Without changing a word, copy every line of the listing below and leave out the images.

-- PROVIDED DATA follows --

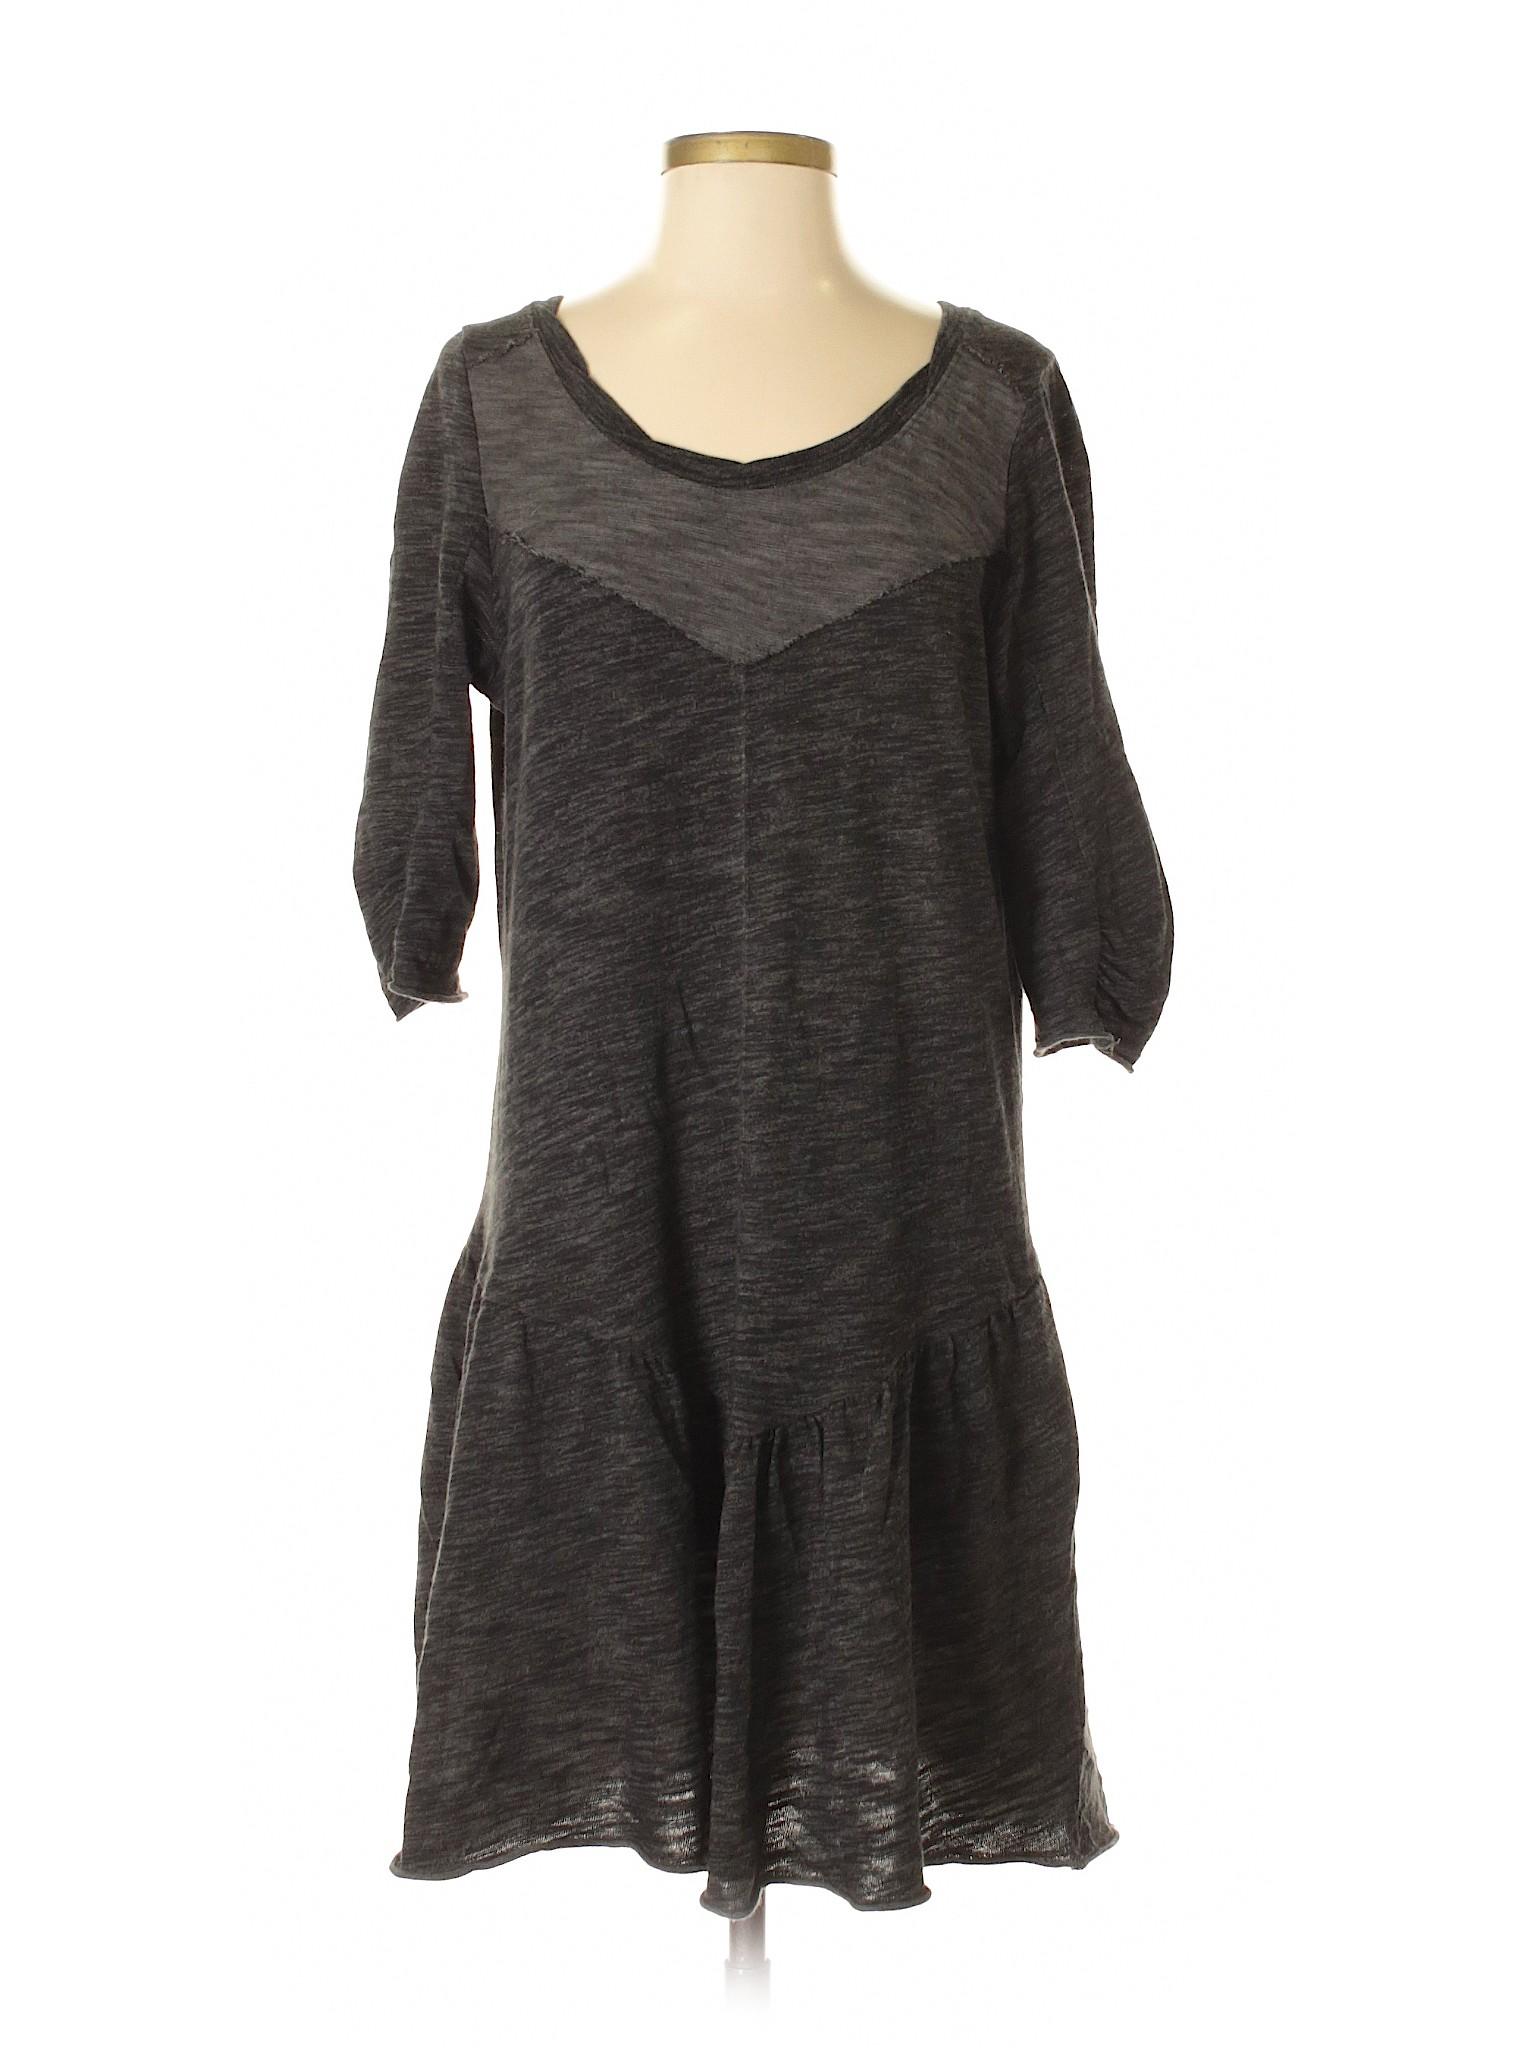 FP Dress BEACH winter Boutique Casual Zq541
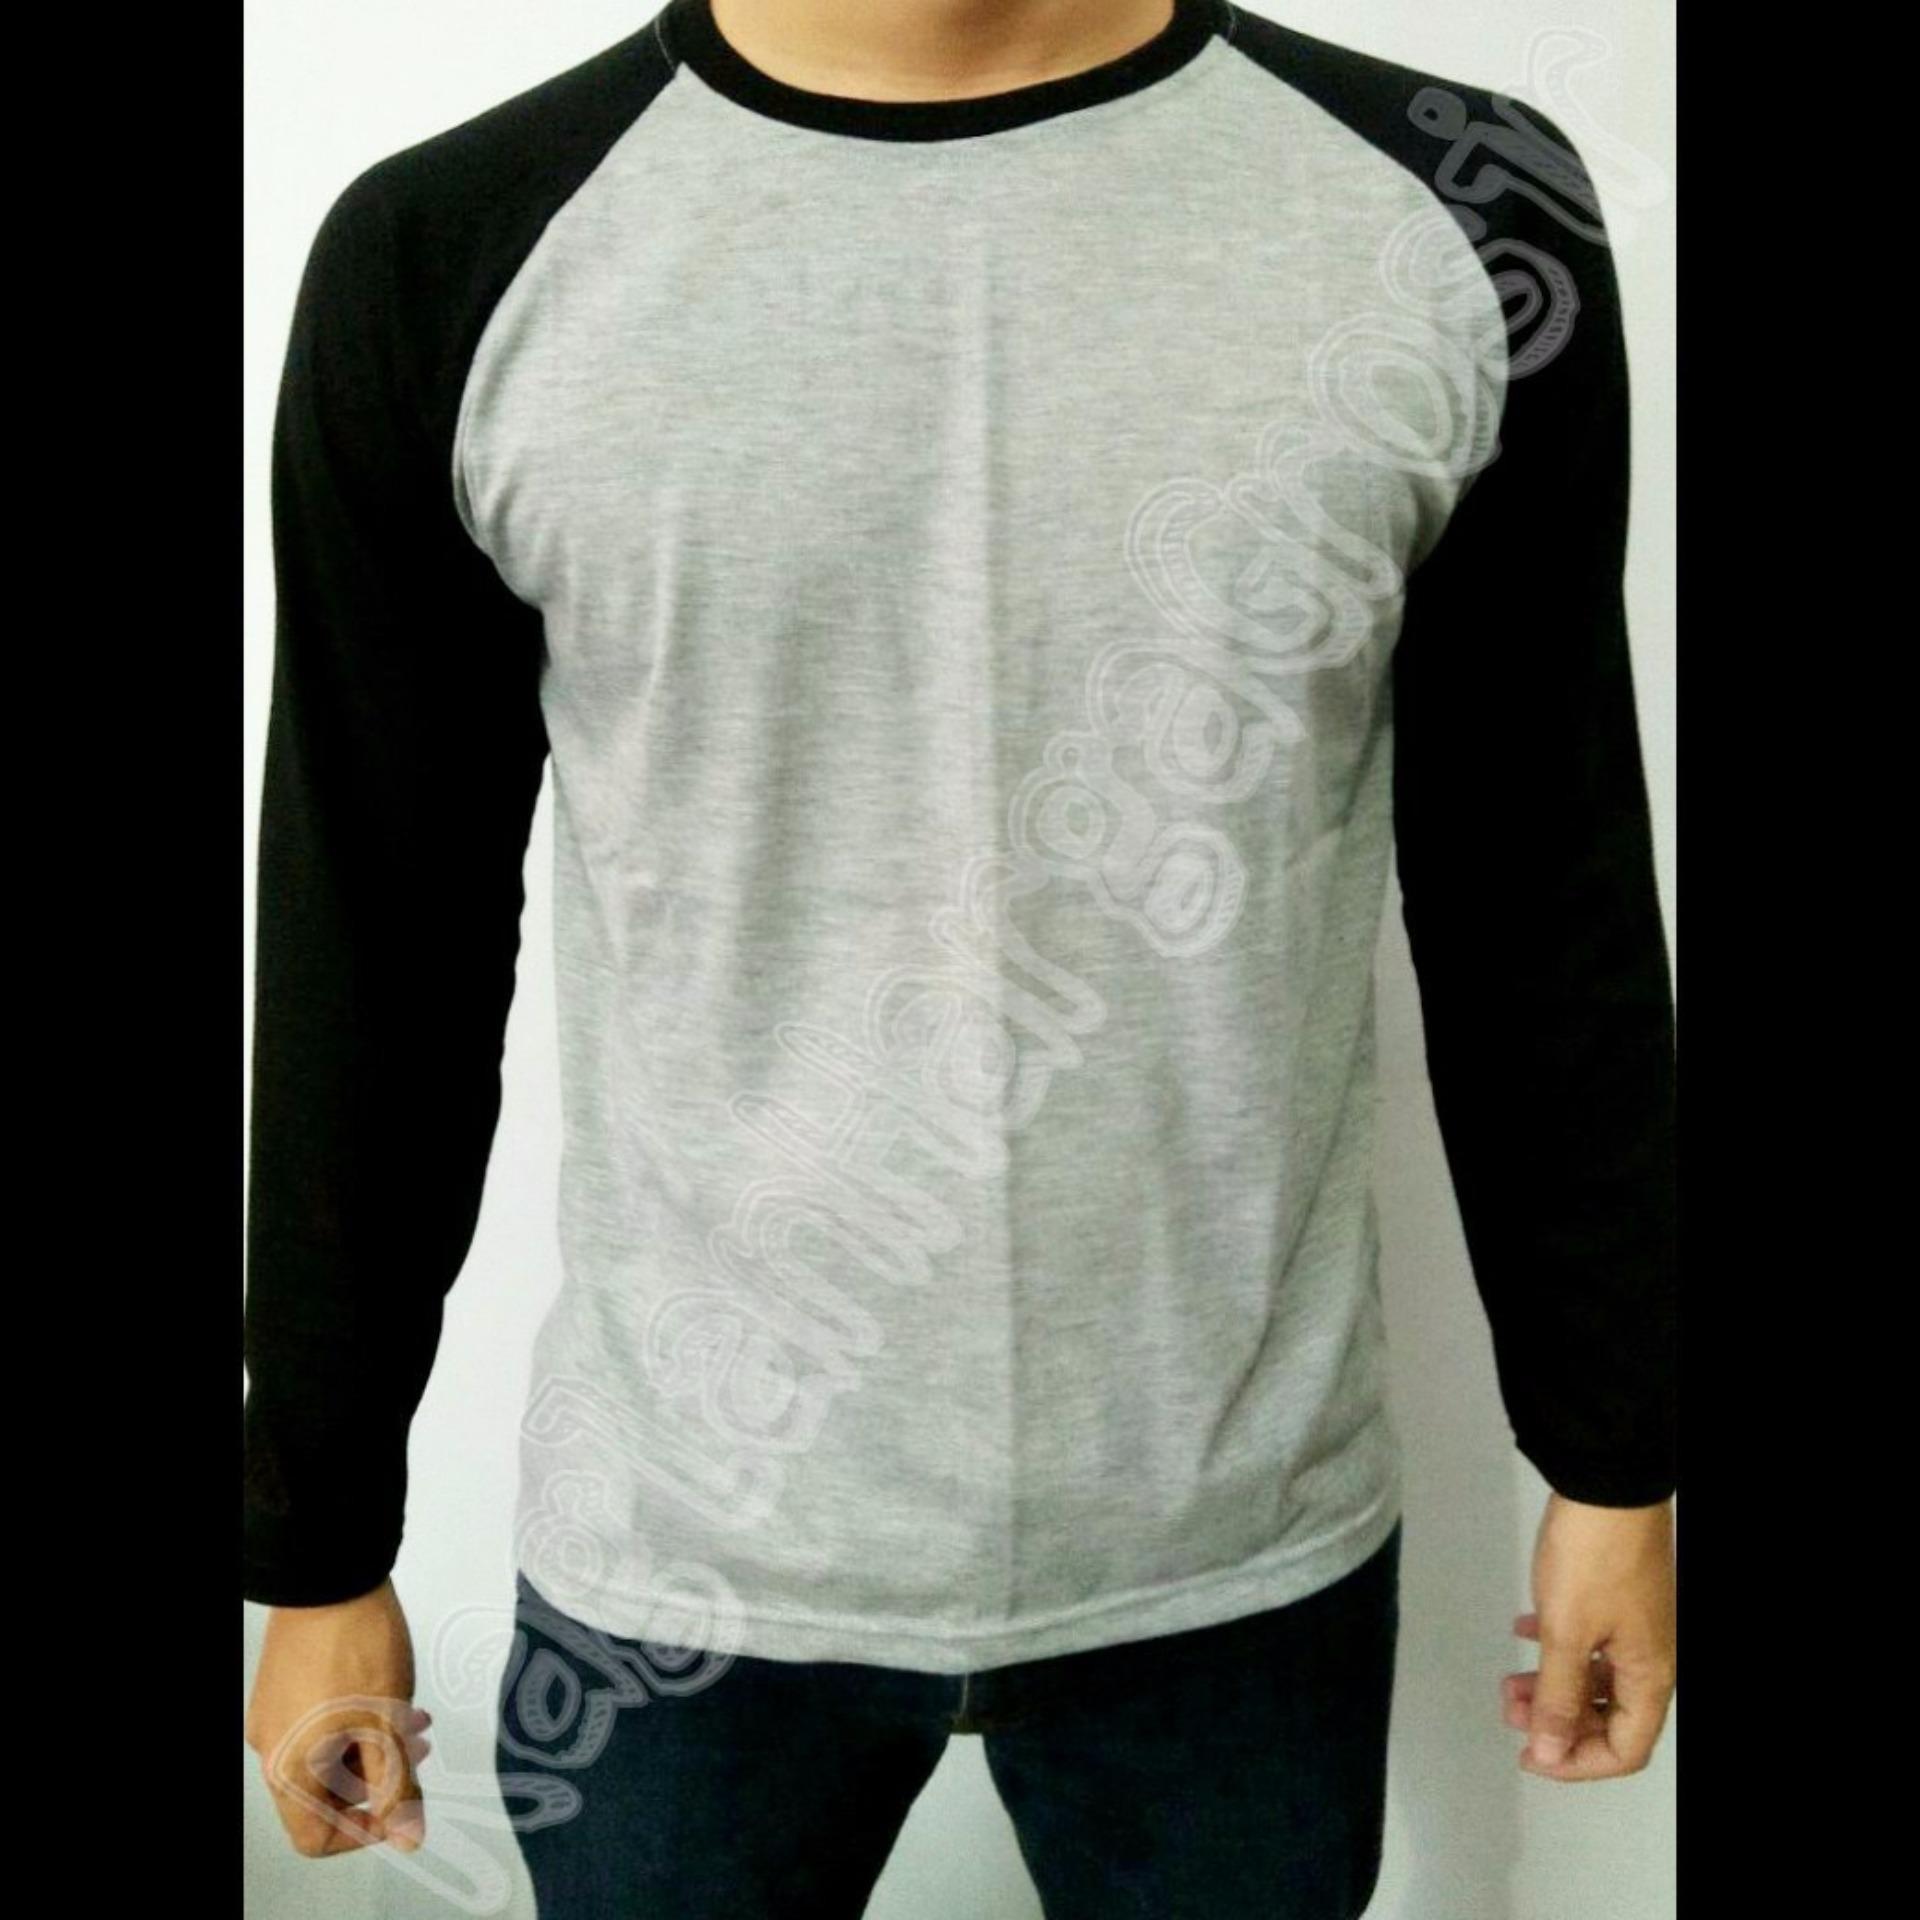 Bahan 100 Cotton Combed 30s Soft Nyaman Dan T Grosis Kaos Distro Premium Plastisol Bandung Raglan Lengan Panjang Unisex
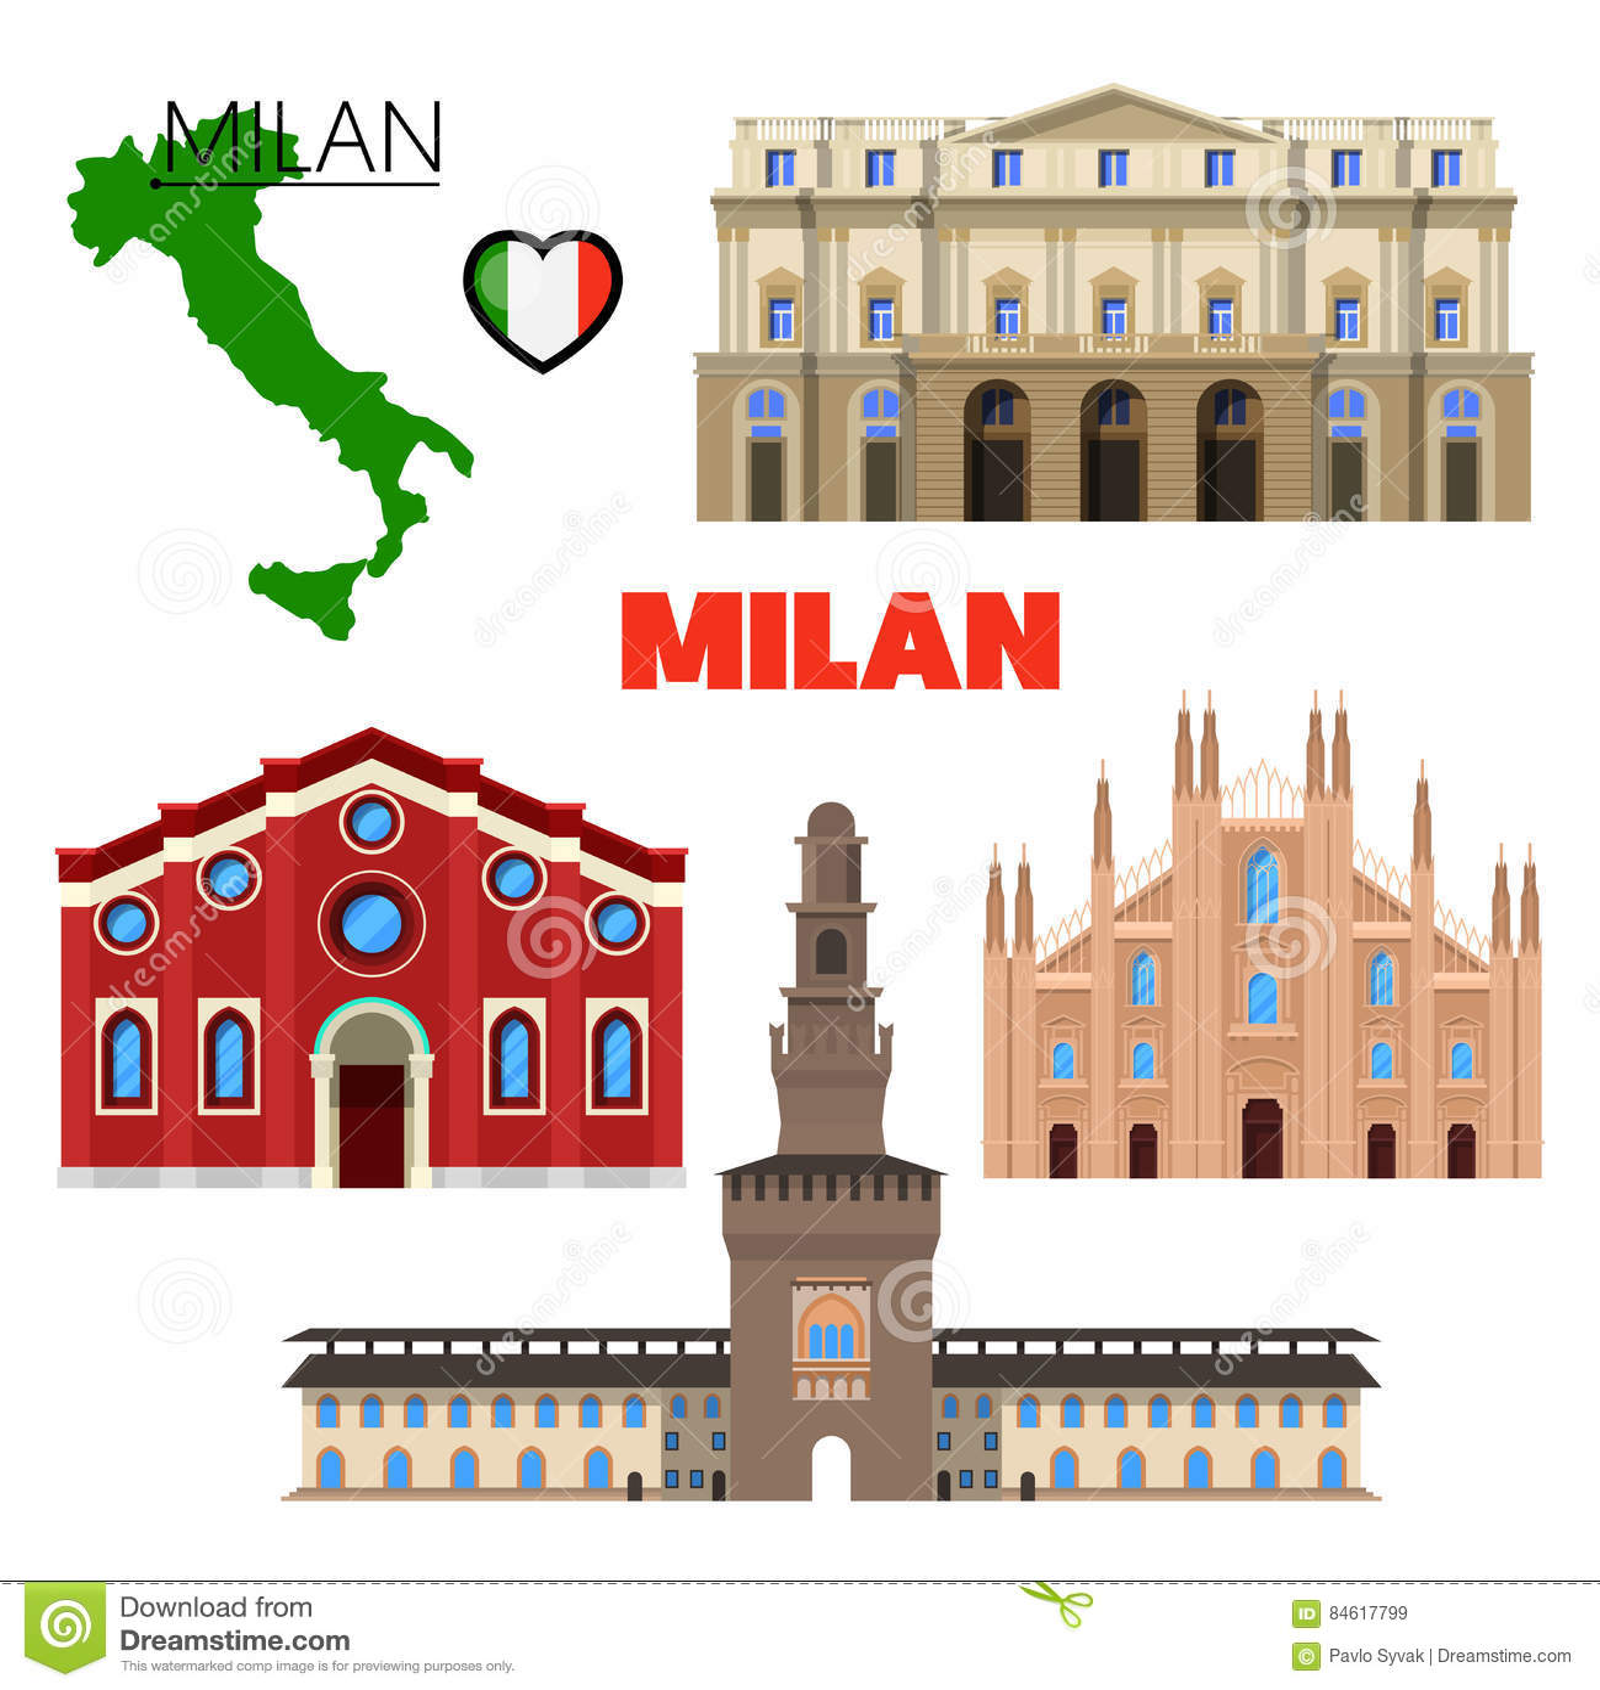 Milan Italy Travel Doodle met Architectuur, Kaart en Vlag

-- PROVIDED DATA concluded --

**ANSWER TO THIS PROBLEM**
 FP Dress BEACH winter Boutique Casual Zq541
 Bahan 100 Cotton Combed 30s Soft Nyaman Dan T Grosis Kaos Distro Premium Plastisol Bandung Raglan Lengan Panjang Unisex
 Milan Italy Travel Doodle met Architectuur, Kaart en Vlag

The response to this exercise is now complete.